One thing that puzzles me. What about the Fairie Folk's traditional aversion to iron? How do they manage to manipulate iron and steel objects?
 
I think that I've recounted this before, but, My Grandma on my Mums side (The daughter of Annie Foulkes - born and reared in 19th century Wales), would always leave a saucer of milk out in the kitchen every night.

When us kids would ask about it, we were told it was for the hedgehogs.

To get back to the subject matter, I was brought up in a house where we would look at the ceiling and ask for the item to be put back...please. It was an odd occurence if the object didn't turn up afterwards.

I still do it.
 
Mungoman my Grandma used to put out milk in a tin dish and I was told it was for the bluetongued lizards.
I'm wondering now if it was for something else.
It does make you think, doesn't it Iris, plus the fact that GrandMa Alice always locked the house up before bed - so how were the hedgehogs expected to avail themselves of the milk?

She also covered the cutlery and mirrors during a thunderstorm, and had a dicky fit (as it were called in our 'ouse), if cutlery on the table was crossed.
 
...She... had a dicky fit (as it were called in our 'ouse), if cutlery on the table was crossed.
Goodness me that takes me back. My mum was like that when I was little too but i don't think she is superstitious - the people who raised her though, are a different matter. Her grandmother was a midwife (an unofficial one) and she used to do spells with the carbon on badly burnt toast. I asked her what spells but my mum was a scared little girl at the time and she doesn't know what her grandmother said.
 
Goodness me that takes me back.
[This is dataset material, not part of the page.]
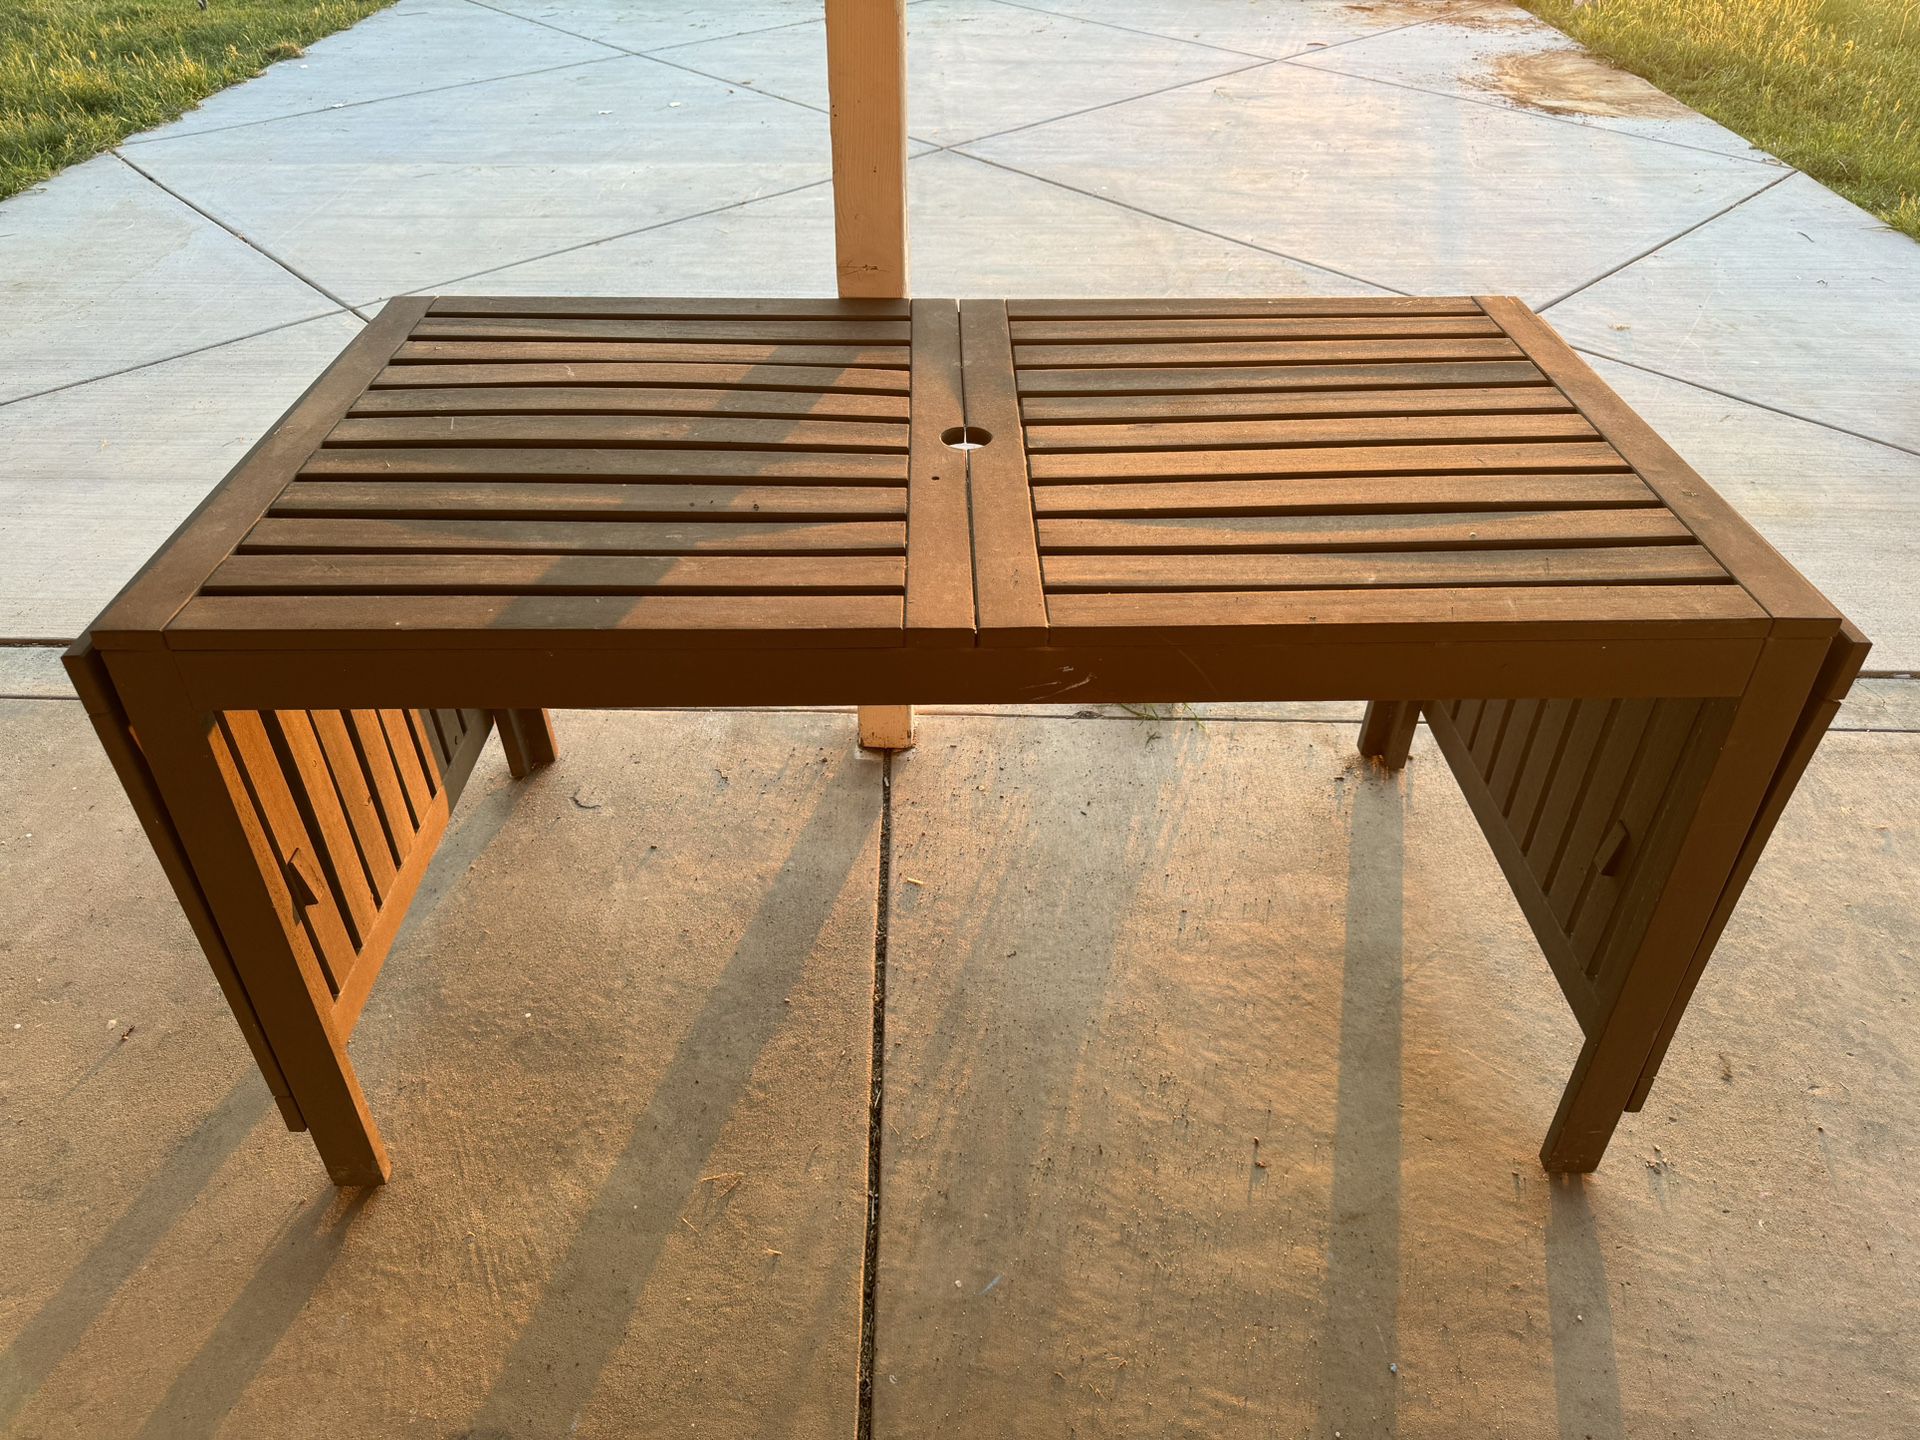 Outdoor Wood Table

My mum was like that when I was little too but i don't think she is superstitious - the people who raised her though, are a different matter. Her grandmother was a midwife (an unofficial one) and she used to do spells with the carbon on badly burnt toast. I asked her what spells but my mum was a scared little girl at the time and she doesn't know what her grandmother said.
They were more connected to that aspect of life in those days.

Does anyone cross silver (their money) over on a full moon from pocket to pocket, say white rabbits three times on waking at the first of the month, and then there's asking the fey to please put it back if we can't find summat.

I have been known to read tea leaves (not mine) just for a lark, and if we drop cutlery it means we're having visitors A spoon for female and a fork for a male.

Dropping a knife is someone being vexatious - either male or female.

Does any body else have these sort of mannerisms involving the Good People?